I mentioned in my comment that I would use either a thread pool or processor pool according to whether your processing was I/O bound or CPU bound in order to better control the number of threads/processes you create. And while threads have less overhead to create, the Python interpreter would be executed within the same process and there is thus no parallelism when executing Python bytecode due to the Global Interpreter Lock (GIL) having to first be obtained. So it is for that reason that processor pools are generally recommended for CPU-intensive jobs. However, when execution is occurring in runtime libraries implemented in the C language, such as often the case with numpy
and pandas
, the Python interpreter releases the GIL and you can still have a high degree of parallelism with threads. But I don't know what the nature processing being done by the ProtonOC
class instance. Some if it is clearly I/O related. So for now I will recommend that you initially try a thread pool for which I have arbitrarily set a maximum size of 20 (a number I pulled out of thin air). The issue here is that you are doing concurrent operations to your disk and I don't know whether too many threads will slow down disk operations (do you have a solid-state drive where arm movement is not an issue?)
If you run the following code example with MAX_CONCURRENCY
set to 1, presumably it should work. Of course, that is not your end goal. But it demonstrates how easily you can set the concurrency.
import time
from concurrent.futures import ThreadPoolExecutor as Executor
from model import ProtonOC
import random
import os
import numpy as np
import sys
sys.setrecursionlimit(100000)
def load(dir):
result = list()
names = list()
for filename in os.scandir(dir):
if filename.path.endswith('.xml'):
result.append(filename.path)
names.append(filename.name[:-4])
return result, names
def run(xml, name):
model = ProtonOC()
model.override_xml(xml)
model.run()
new_dir = os.path.join("C:\\", name)
os.mkdir(new_dir)
model.datacollector.get_agent_vars_dataframe().to_pickle(os.path.join(new_dir, "agents.pkl"))
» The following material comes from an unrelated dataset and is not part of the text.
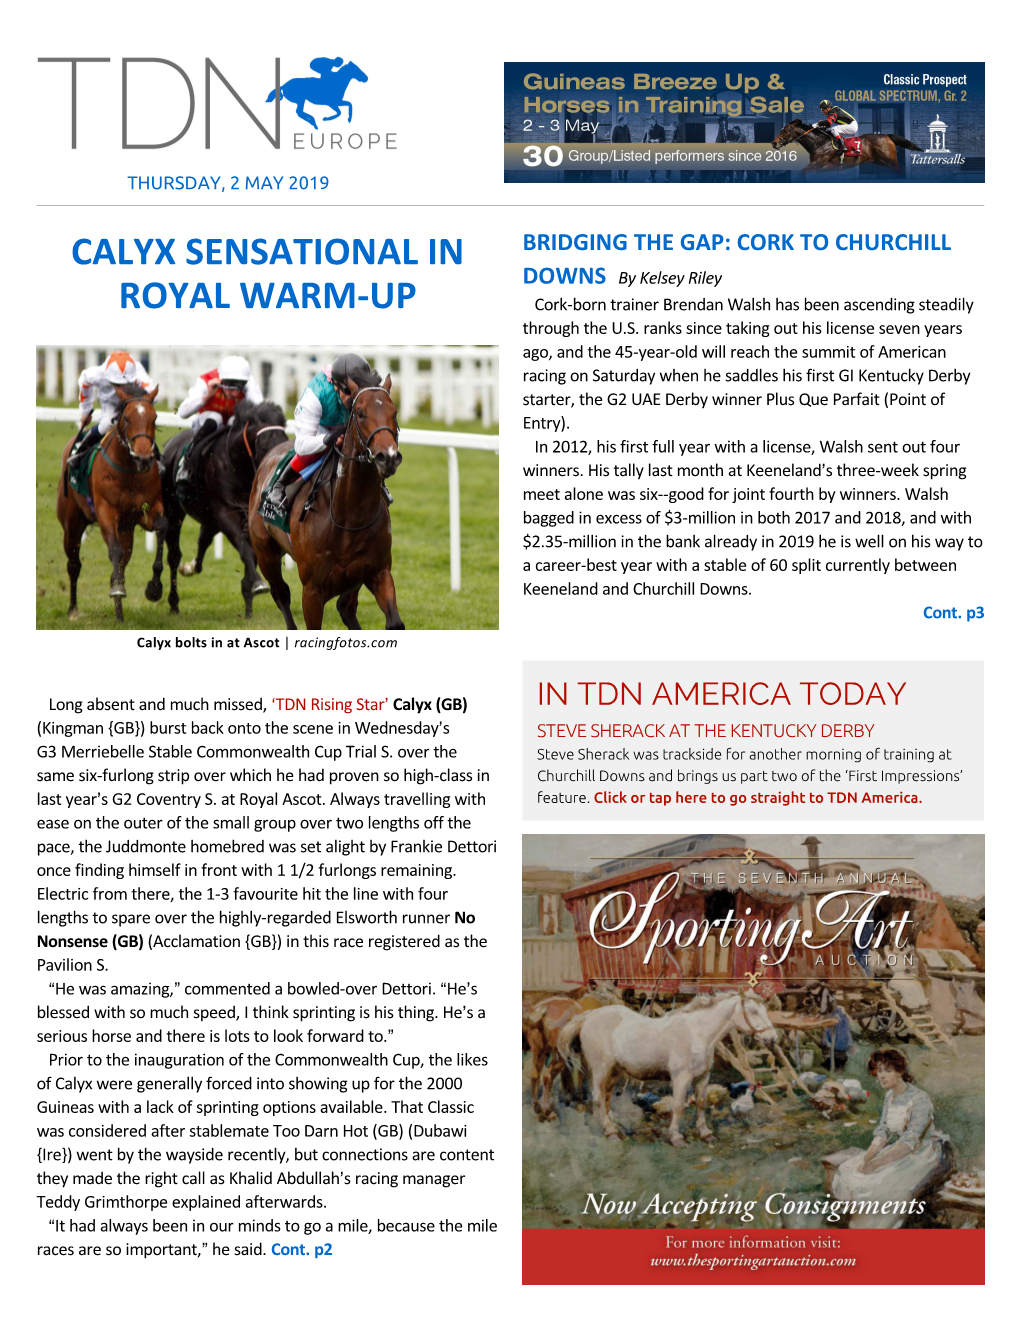 Calyx Sensational in Royal Warm-Up Cont

model.datacollector.get_model_vars_dataframe().to_pickle(os.path.join(new_dir, "model.pkl"))
if __name__ == '__main__':
paths, names = load("C:\\") #The folder that contains xml files
MAX_CONCURRENCY = 20 # never more than this
N_WORKERS = min(len(paths), MAX_CONCURRENCY)
with Executor(max_workers=N_WORKERS) as executor:
executor.map(run, paths, names)
To use a process pool, change:
from concurrent.futures import ThreadPoolExecutor as Executor
to:
from concurrent.futures import ProcessPoolExecutor as Executor
You may then wish to change MAX_CONCURRENCY
. But because the jobs still involve a lot of I/O and give up the processor when doing this I/O, you might benefit from this value being greater than the number of CPUs you have.
Update
An alternative to using the map
method of the ThreadPoolExecutor
class is to use submit
. This gives you an opportunity to handle any exception on an individual job-submission basis:
if __name__ == '__main__':
paths, names = load("C:\\") #The folder that contains xml files
MAX_CONCURRENCY = 20 # never more than this
N_WORKERS = min(len(paths), MAX_CONCURRENCY)
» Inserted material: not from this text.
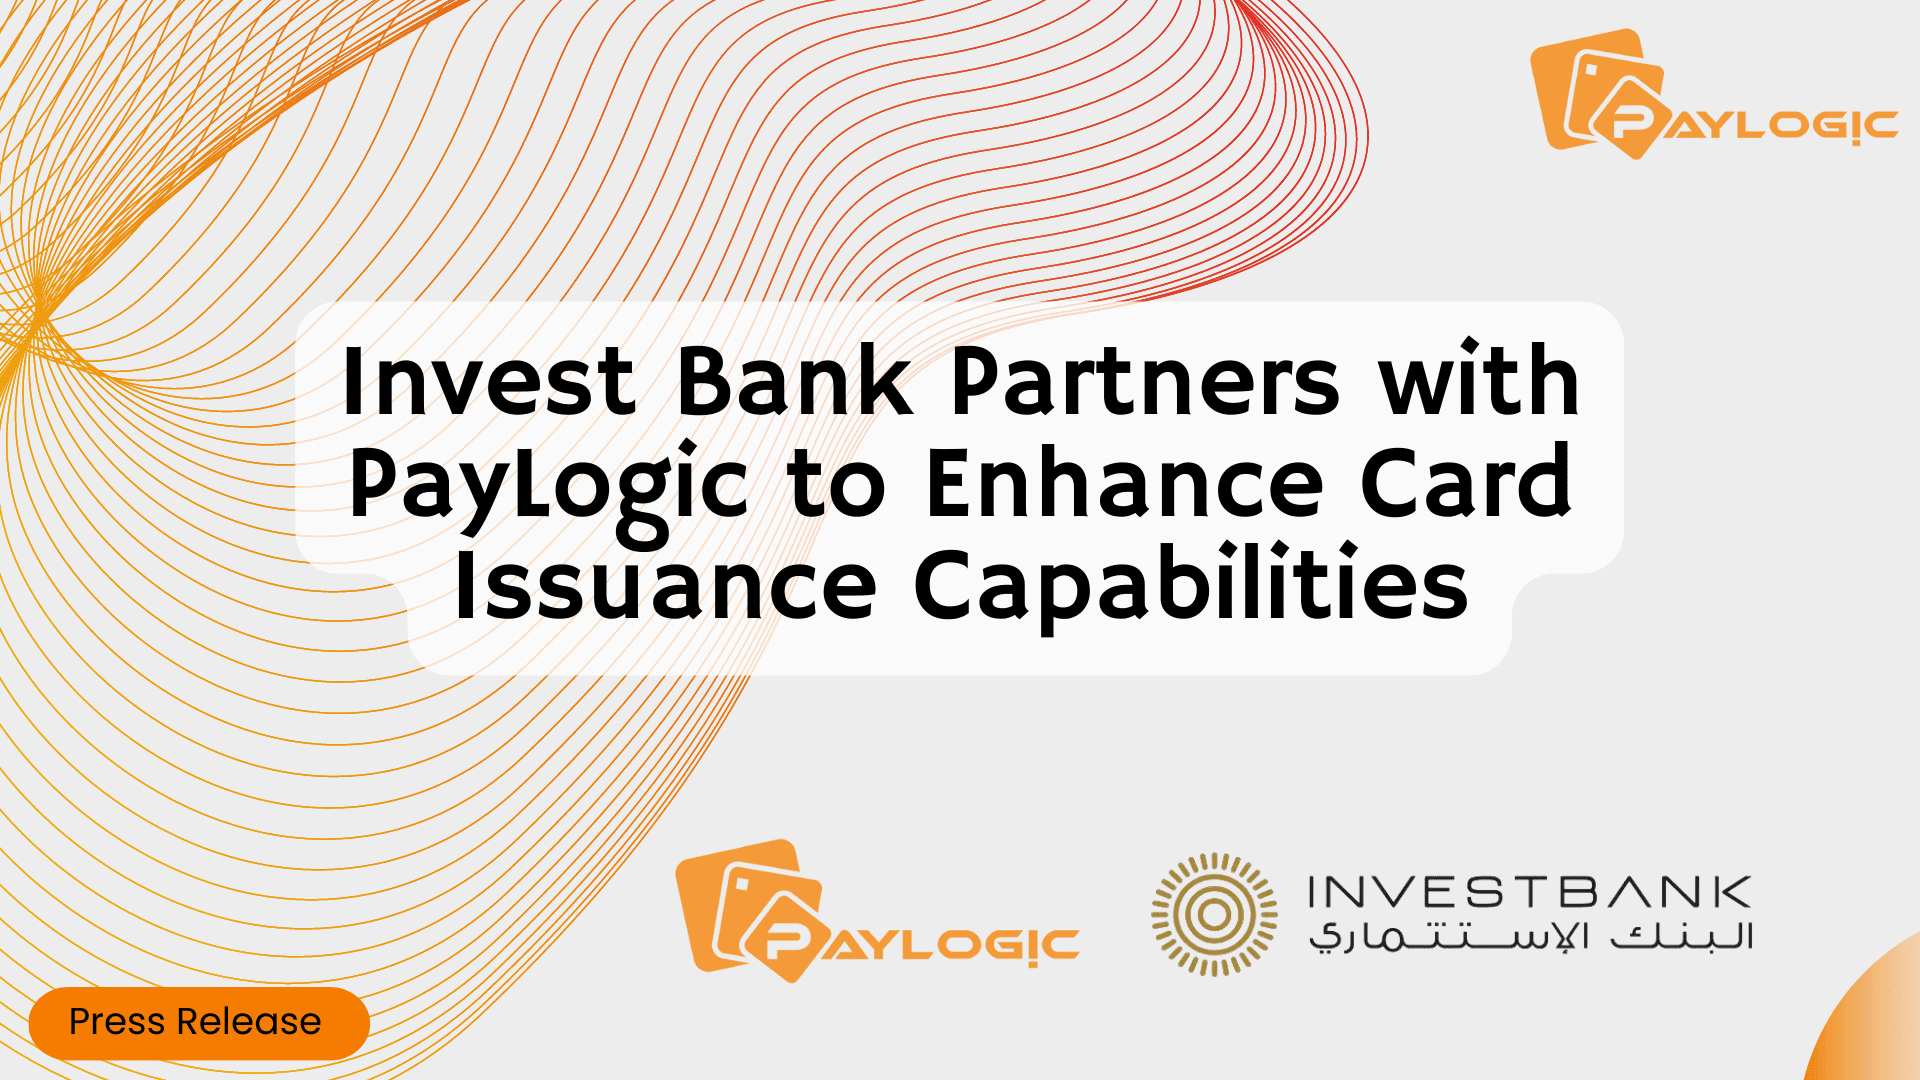 Invest Bank Partners with PayLogic to Enhance Card Issuance Capabilities

with Executor(max_workers=N_WORKERS) as executor:
futures = [executor.submit(run, path, name) for path, name in zip(paths, names)]
for future in futures:
try:
result = future.get() # return value from run, which is None
except Exception as e: # any exception run might have thrown
print(e) # handle this as you see fit
You should be aware that this submits jobs one by one whereas map
, when used with the ProcessPoolExecutor
, allows you to specify a chunksize
parameter. When you have a pool size of N and M jobs to submit where M is much greater than N, it is more efficient to place on the work queue for each process in the pool chunksize
jobs at a time rather than one at a time to reduce the number of shared memory transfers required. But as long as you are using a thread pool, this is not relevant.